Recently Laursen was given the opportunity to help not just his fellow Soldiers, but Iraqi nationals as well. He participated in a month-long humanitarian mission with the Iraqi Army aimed at distributing supplies to Iraqis living in rural areas of the country. By the end of the month Laursen and his Iraqi counterparts were able to provide aid to approximately 2,000 families.

“I have to say, this was an experience that will last a lifetime. I went from just driving from point A to point B, to being out there handing out toys and food, and interacting directly with the local nationals,” Laursen said. “The smiles and looks on the locals’ faces will be something I will never forget. I had the chance to give a child who could not walk a wheelchair. For the first time in that child’s life he will have the ability to go get a snack or glass of water on his own. I can leave this country knowing that I honestly changed at least one person’s life.”

The Soldier, who is slated to return home in early August, will end his deployment knowing that his time in Iraq helped him mature and develop skills that will benefit his Army career in the future.

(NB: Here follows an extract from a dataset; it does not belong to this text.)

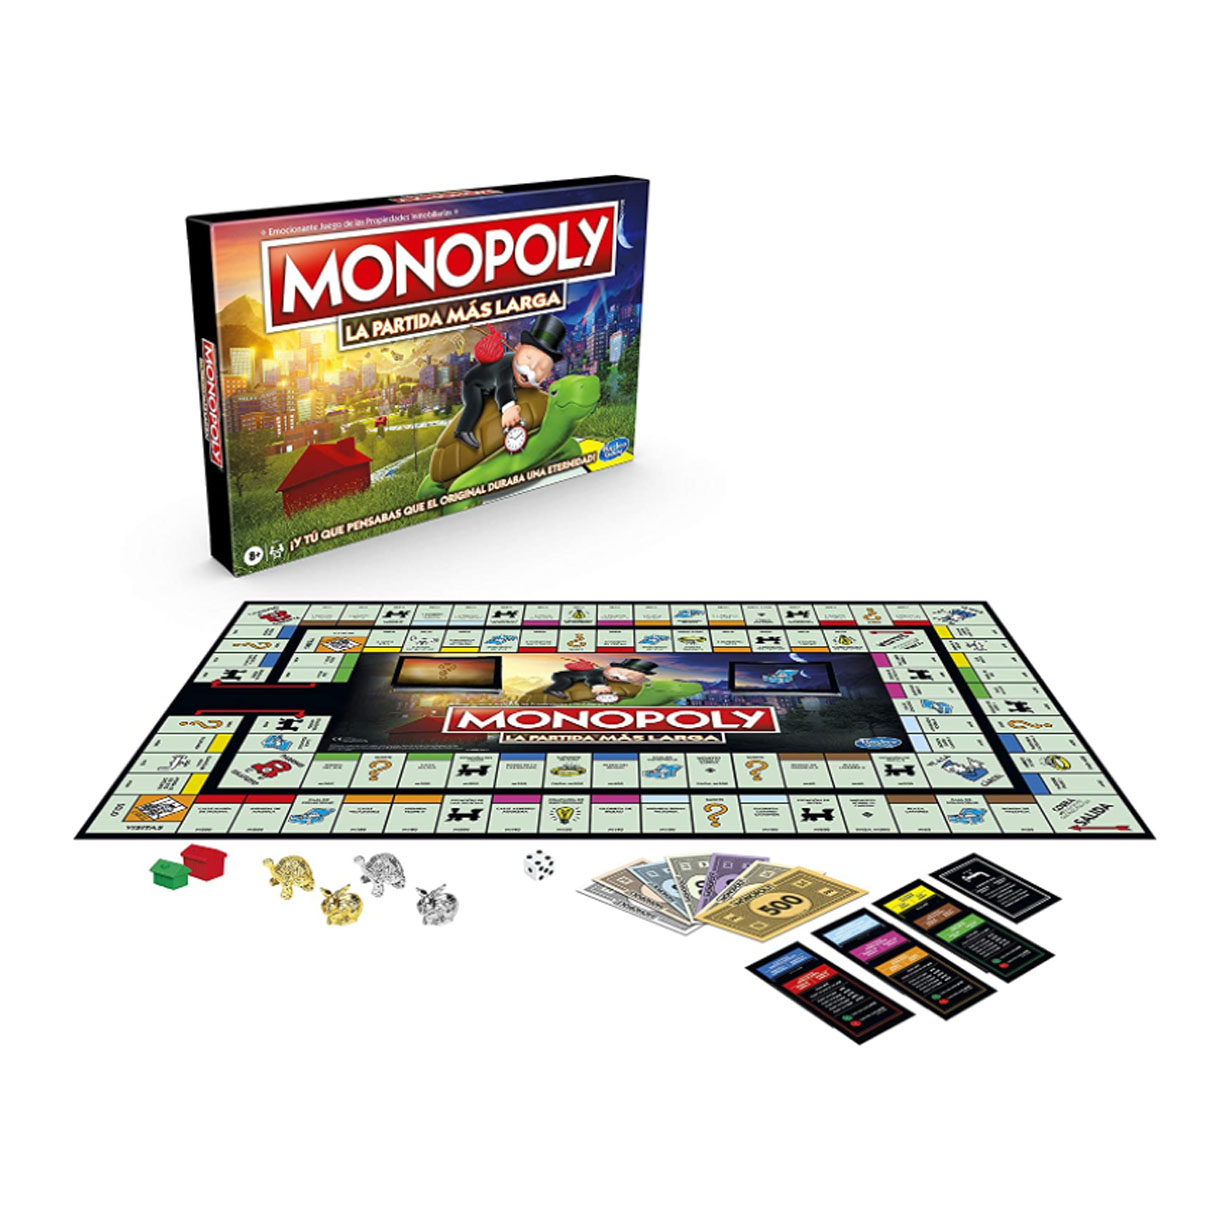 monopoly la partida mas larga ( hi-080123)

“Being towards the end of this deployment, I can really say that I have grown as a person from being over here, mentally and physically, Laursen said.”This deployment has given me a good chance to learn and start adapting a style of leadership that works for both me and the Soldiers that I may very well be leading one day. From day one, every single day has offered me some type of advice and some way I can improve myself as not only a Soldier but also as a person.”

That said, the Soldier looks forward to spending time with friends and family in his native Brick, N.J.

“I will go back and relax on the beaches of the beautiful Jersey Shore, maybe catch a concert or two at Asbury Lanes, and being from New Jersey, coming home wouldn’t be complete without getting a real pizza,” Laursen said. “I just want to take some time to unwind and see some of the old faces back on the streets that made me who I am today.”

Laursen, who has been in the Army for a year, plans to make a career of his military service.

“As of right now, I plan on staying in for as long as they let me. For the first time in my life I have a job that I wake up and enjoy doing and that I have fun doing.”